0

Update - it seems that with = F is incompatible with expressions in j and also with (at least some) by = situations.

Taking the scenario below and simplifying it as much as possible:

dt <- data.table(group1 = c("a", "a", "a", "b", "b", "b"),
                 group2 = c("x", "x", "y", "y", "z", "z"),
                 data = c(rep(T, 3), rep(F, 3)))

dt[
  ,
  3,
  with = F,
  by = list(group1, group2)
]

    data
1:  TRUE
2:  TRUE
3:  TRUE
4: FALSE
5: FALSE
6: FALSE
> 

dt[
  ,
  data,
  by = list(group1, group2)
]

   group1 group2  data
1:      a      x  TRUE
2:      a      x  TRUE
3:      a      y  TRUE
4:      b      y FALSE
5:      b      z FALSE
6:      b      z FALSE
>

The expression behavior is documented in a roundabout way in ?data.table:

A single column name, single expresson of column names, list() of expressions of column names, an expression or function call that evaluates to list (including data.frame and data.table which are lists, too), or (when with=FALSE) a vector of names or positions to select.

I don't see any documentation of with = F disabling by = in the documentation, but it seems that in this case it does.


I'm having an issue where data.table either uses or ignores by = depending on whether I use with = F.

library(data.table)

dt <- data.table(group1 = c("a", "a", "a", "b", "b", "b"),
                 group2 = c("x", "x", "y", "y", "z", "z"),
                 data = c(rep(T, 3), rep(F, 3)))

# without with = F

dt[
  as.vector(!is.na(dt[, 3, with = F])),
  sum(data),
  by = list(group1, group2)
]
>
   group1 group2 V1
1:      a      x  2
2:      a      y  1
3:      b      y  0
4:      b      z  0 

# with = F

dt[
  as.vector(!is.na(dt[, 3, with = F])),
  sum(3),
  with = F,
  by = list(group1, group2)
]
>
    data
1:  TRUE
2:  TRUE
3:  TRUE
4: FALSE
5: FALSE
6: FALSE

I've tried using a vector of numbers, and a vector of characters for by =, neither work.

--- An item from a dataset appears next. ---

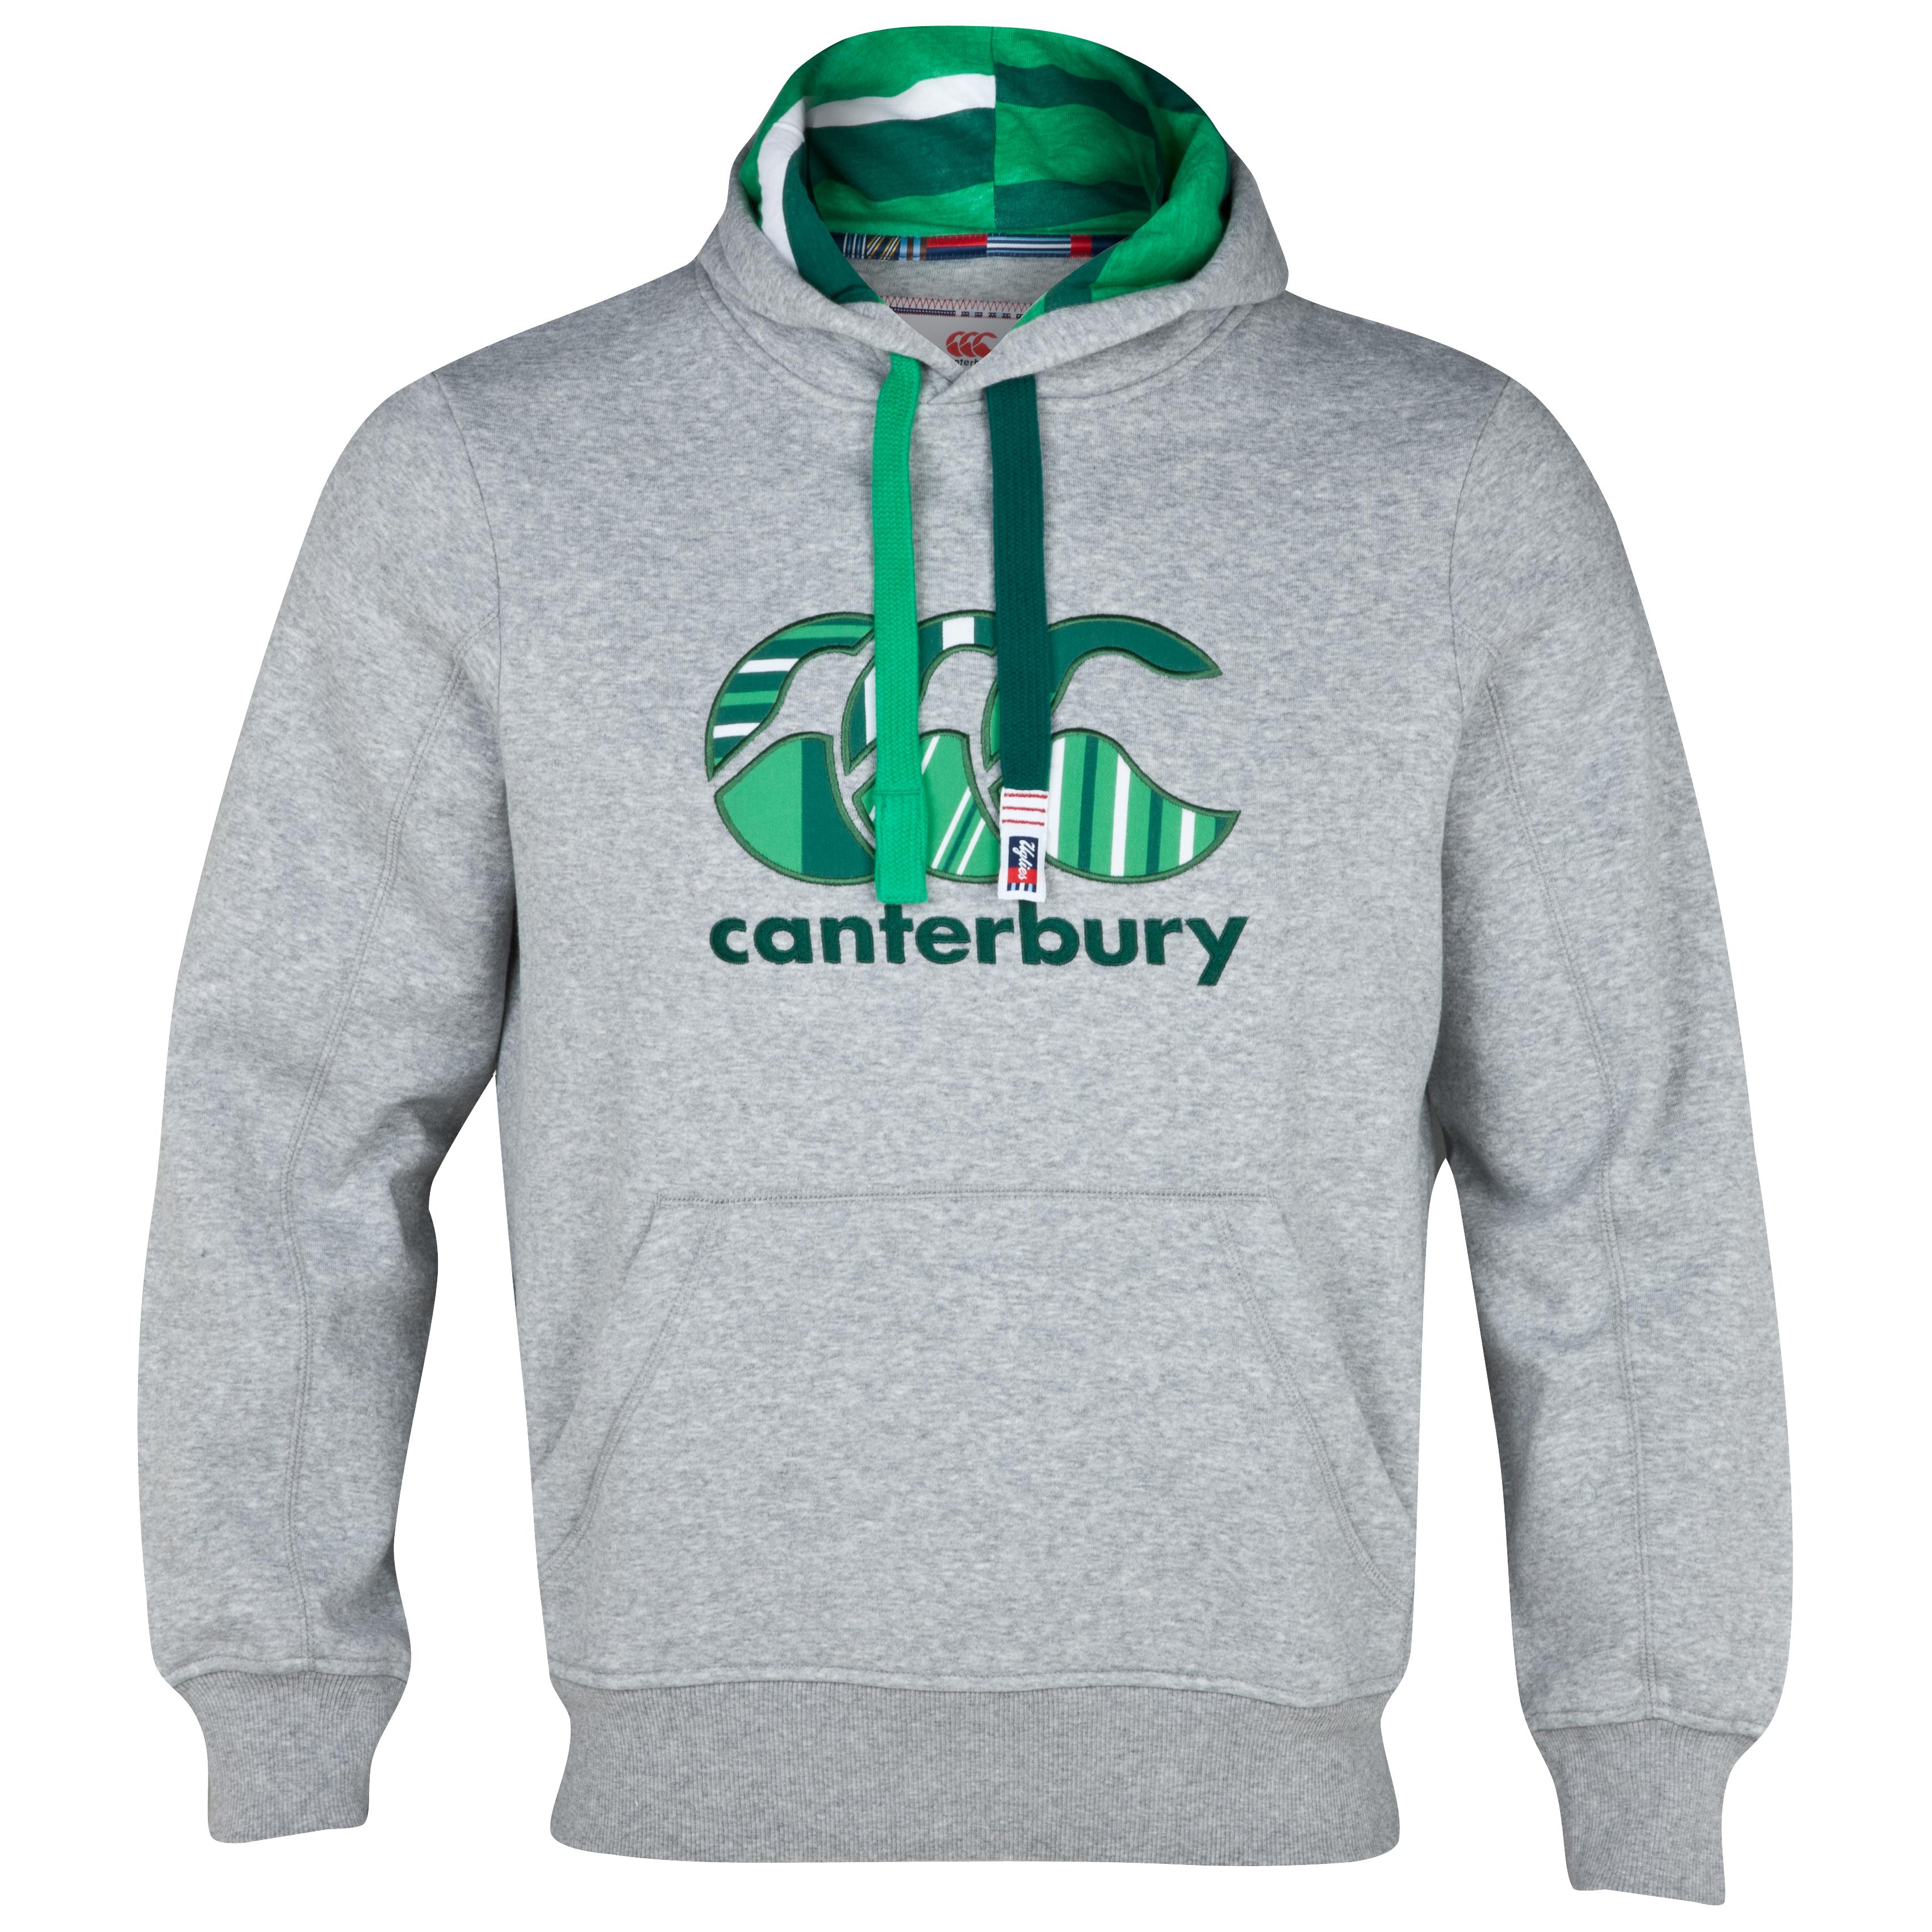 Canterbury Uglies OTH Hoody - Classic Marl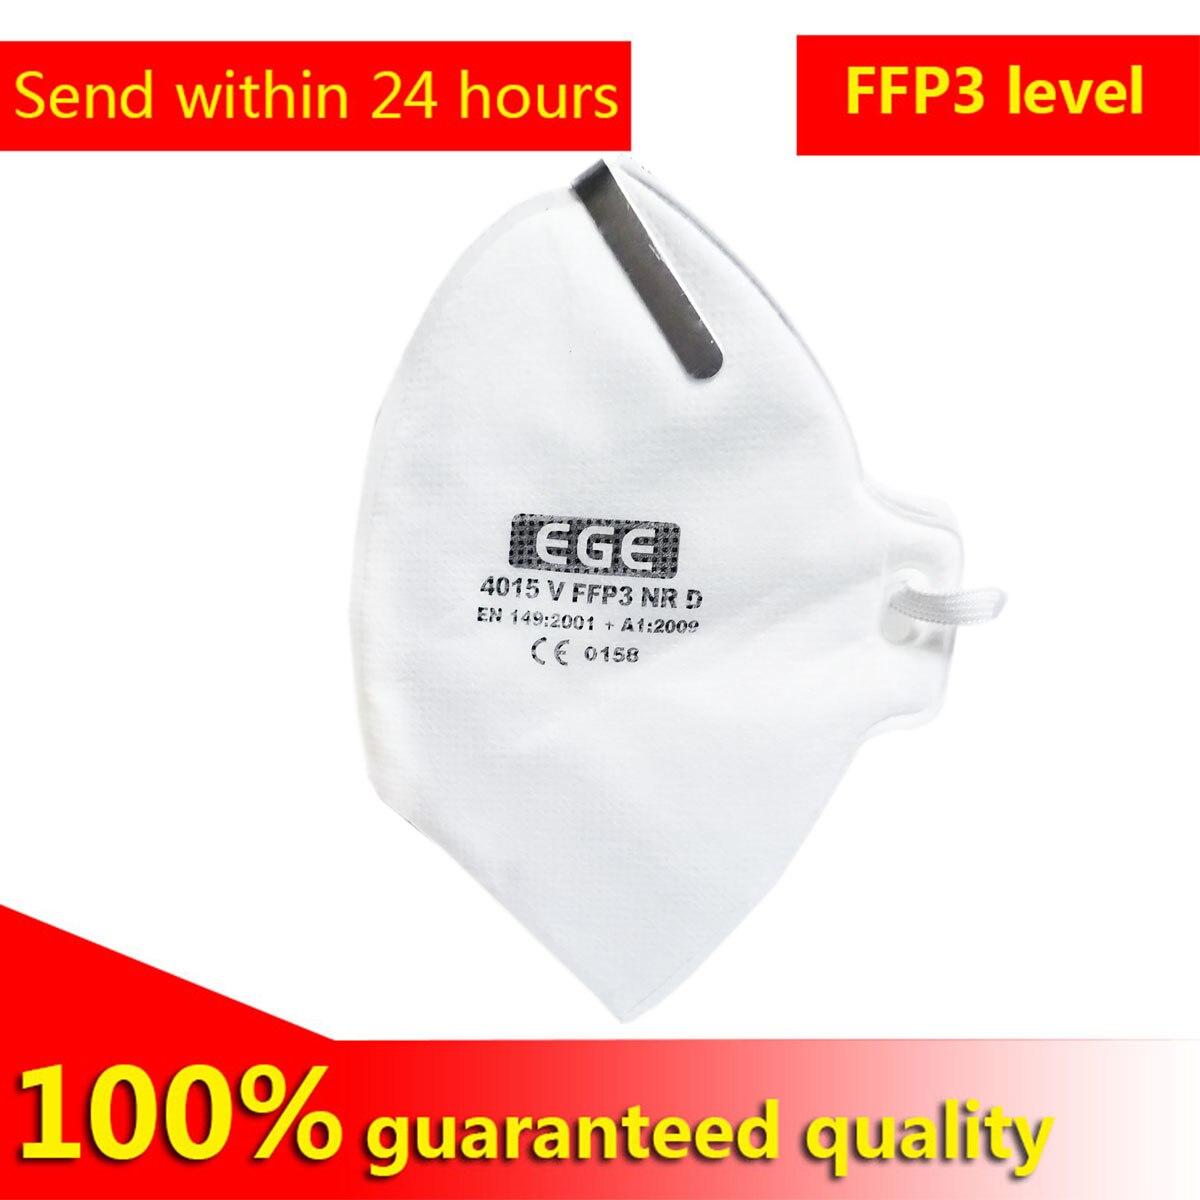 FFP3 Masks Turkey Imports European Standard EU Certification Dust And Smog PM2.5 In Stock FFP3 Grade

sum() is an example function, I have the same basic issue when I don't use a function on j.

In the end, I need to use with = F to iterate across multiple columns of the data.table in a for loop.

Any suggestions?

Chris
  • 313
  • 1
  • 11
  • I guess you are looking for this: `dt[!is.na(3), sum(data), by = .(group1, group2)]`. The part of `as.vector(!is.na(dt[, 3, with = F]))` is overcomplicating things imo. Instead, you can just use: `!is.na(3)` – Jaap Nov 11 '15 at 20:04
  • @Jaap, I think they want to use "3" instead of "data".... – A5C1D2H2I1M1N2O1R2T1 Nov 11 '15 at 20:06
  • That's correct, I need to iterate over this in a for loop. Really there are multiple columns of `data`. – Chris Nov 11 '15 at 20:08
  • @AnandaMahto Changed it, but basically it's the same. – Jaap Nov 11 '15 at 20:08
  • Could you explain what the expected output should be? – Jaap Nov 11 '15 at 20:09
  • I'm not sure how you expect "data.table" to determine whether you're asking for the sum of 3 or the sum of the third column when you use `sum(3)`. Perhaps you need to rethink your design. – A5C1D2H2I1M1N2O1R2T1 Nov 11 '15 at 20:10
  • The output from both examples should be the same, as far as I know. Anyway, ideally whether `with = F` is in place or not shouldn't change the effect of `by = `. – Chris Nov 11 '15 at 20:11
  • @Ananada Mahto - as far as I understand `with = F` accomplishes that. If you remove `with = F` and use `sum(3)` then you will get back `3` for each record. If you leave `with = F` in, then `data.table` reads `3` as the location of your column. – Chris Nov 11 '15 at 20:15
  • Why do you use `with = F` in your second example like that? I've never seen that before and therefore highly doubt whether this is valid *data.table* syntax. It gives me an error at least. – Jaap Nov 11 '15 at 20:16
  • @Chris It is better to use the columnnames than the column numbers – Jaap Nov 11 '15 at 20:17
  • Furthermore: make your example [reproducible](http://stackoverflow.com/questions/5963269/how-to-make-a-great-r-reproducible-example/5963610). You are talking about a for-loop, but I don't see one in your example code. – Jaap Nov 11 '15 at 20:20
  • @eddi Thanks - that makes sense. I updated above for posterity, but will post a more comprehensive question on how I can accomplish the bigger picture problem without `with = F`. – Chris Nov 11 '15 at 20:36
  • @Jaap It is valid syntax in data.table, but as eddi explained below it's for compatibility more than usefulness. I learned it in the context of normal R programming, so it's helpful to know that I should only be using it as a last option. – Chris Nov 11 '15 at 20:43
  • Have you gone through the [vignettes](https://github.com/Rdatatable/data.table/wiki/Getting-started)? – Arun Nov 11 '15 at 23:39
  • I have not yet Arun, thanks I will look at them. – Chris Nov 12 '15 at 02:37

1 Answers1

3

A good rule of thumb for data with named columns is - never use column numbers - columns get rearranged sometimes and that can leave your code completely broken. Of course for any rule of thumb there are exceptions, but you'll need to demonstrate that your case is worth an exception, so I'll assume it's not for now.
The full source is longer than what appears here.